Study on Enzyme-Substrate Interactions

• The research investigated the binding properties of aromatic aldehyde and aromatic alcohol substrates with the zinc catalyst in equine liver alcohol dehydrogenase.
• Resonance-enhanced Raman spectroscopy was used to analyze this interaction, which is a technique that provides information about the vibrational modes of a system, allowing for analysis of molecular structure and interactions.

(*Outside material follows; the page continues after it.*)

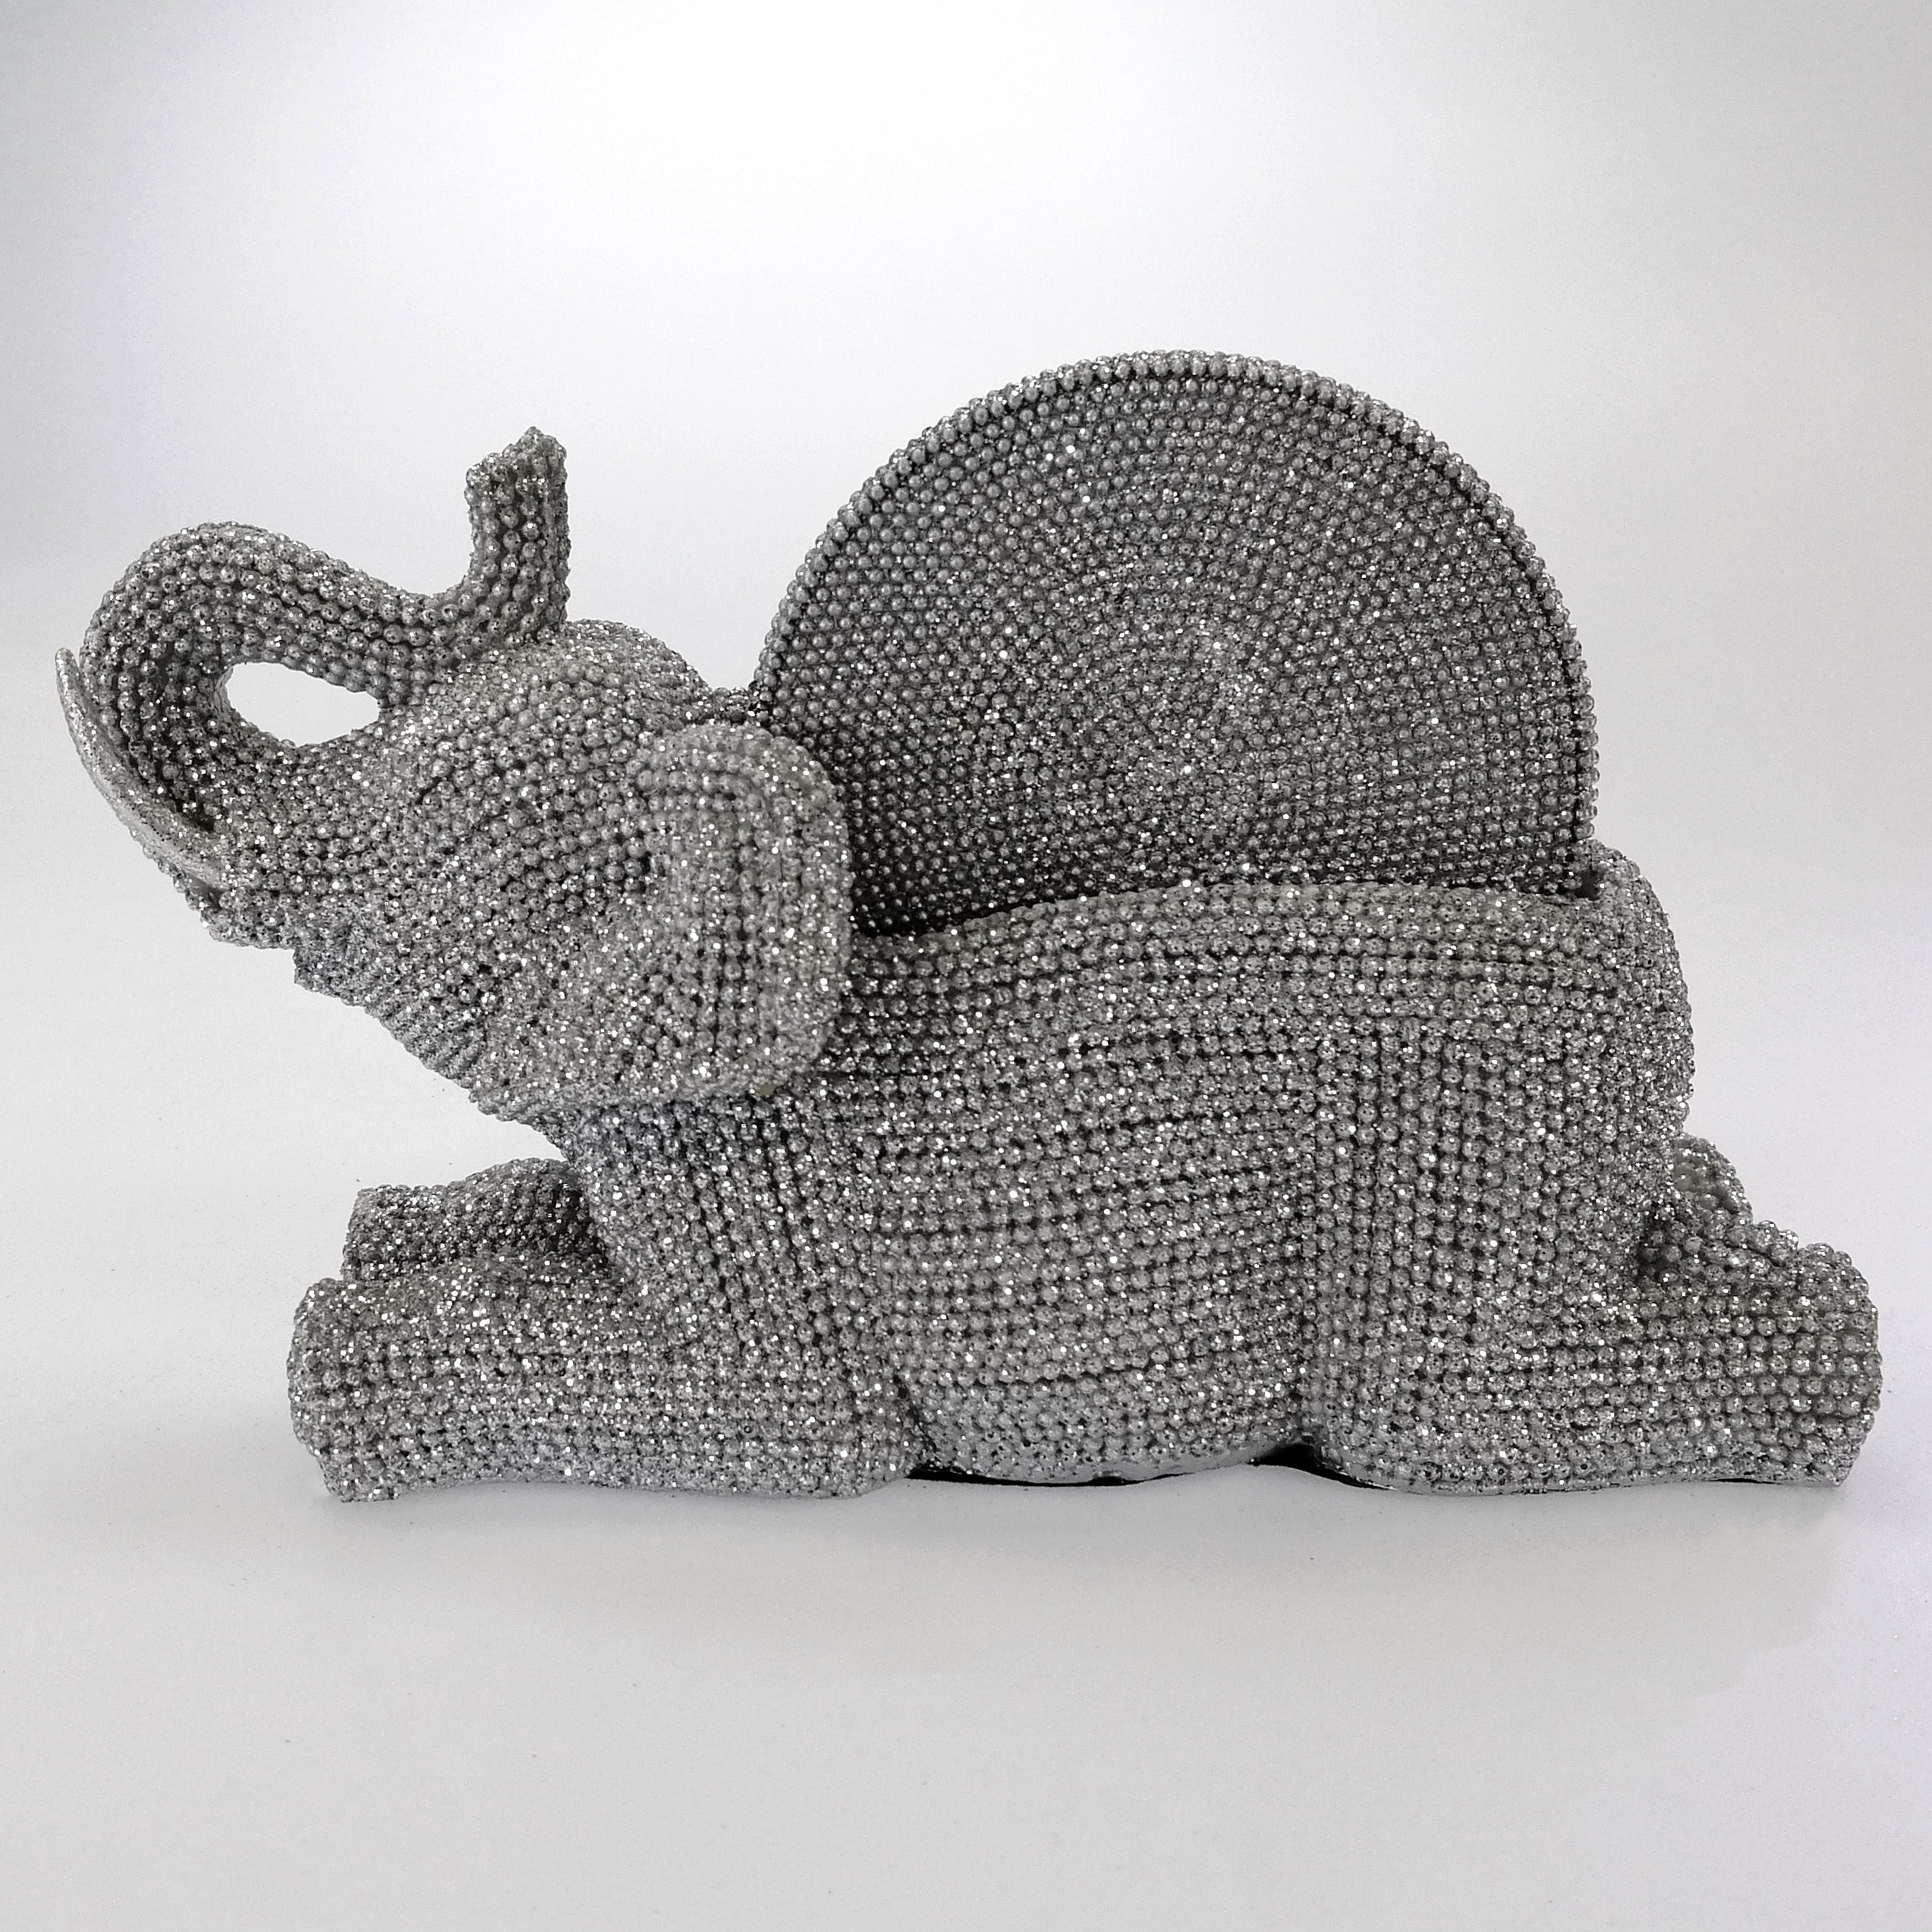 Silver-Look Studded Elephant & Coasters - Set of 4

Formation of Ternary Chemical Intermediate

• Results showed that when both the enzyme and coenzyme were in excess with respect to the substrate, a stable intermediate compound formed between the liver alcohol dehydrogenase, the reduced coenzyme known as nicotinamide adenine dinucleotide, and the aldehyde, p-(dimethylamino)benzaldehyde.
• This intermediate formation was consistent in the pH range from 8.5 to 0.6.
• The Raman spectra also showed that this intermediate compound also formed in the presence of excess enzyme and corresponding alcohol p-(dimethylamino)benzyl alcohol and oxidized coenzyme, indicating that the intermediate is stable for both forward and reverse reactions.

Model and Observations

• A model intended to replicate the conditions for this enzyme-substrate intermediate was created. The model comprised of a complex between the aldehyde and Zn2+ in diethyl ether and exhibited a resonance-enhanced Raman spectrum similar to that of the enzyme-coenzyme-substrate intermediate.
• Remarkably, the carbonyl vibration was completely absent in this spectrum, suggesting that the carbonyl group C = O no longer exists in the enzyme-substrate-coenzyme intermediate or the model complex. This was likely the result of a bond formation between zinc and oxygen.
• These findings were supported by 18O isotopic substitution in the substrate, which helped in confirming the assignments.

Raman Spectra and Dynamics Analysis

• Finally, the researchers discussed the Raman spectra of crystals of the ternary complex and the dynamics of the complex formation, demonstrating further evidence for the observations made in the study.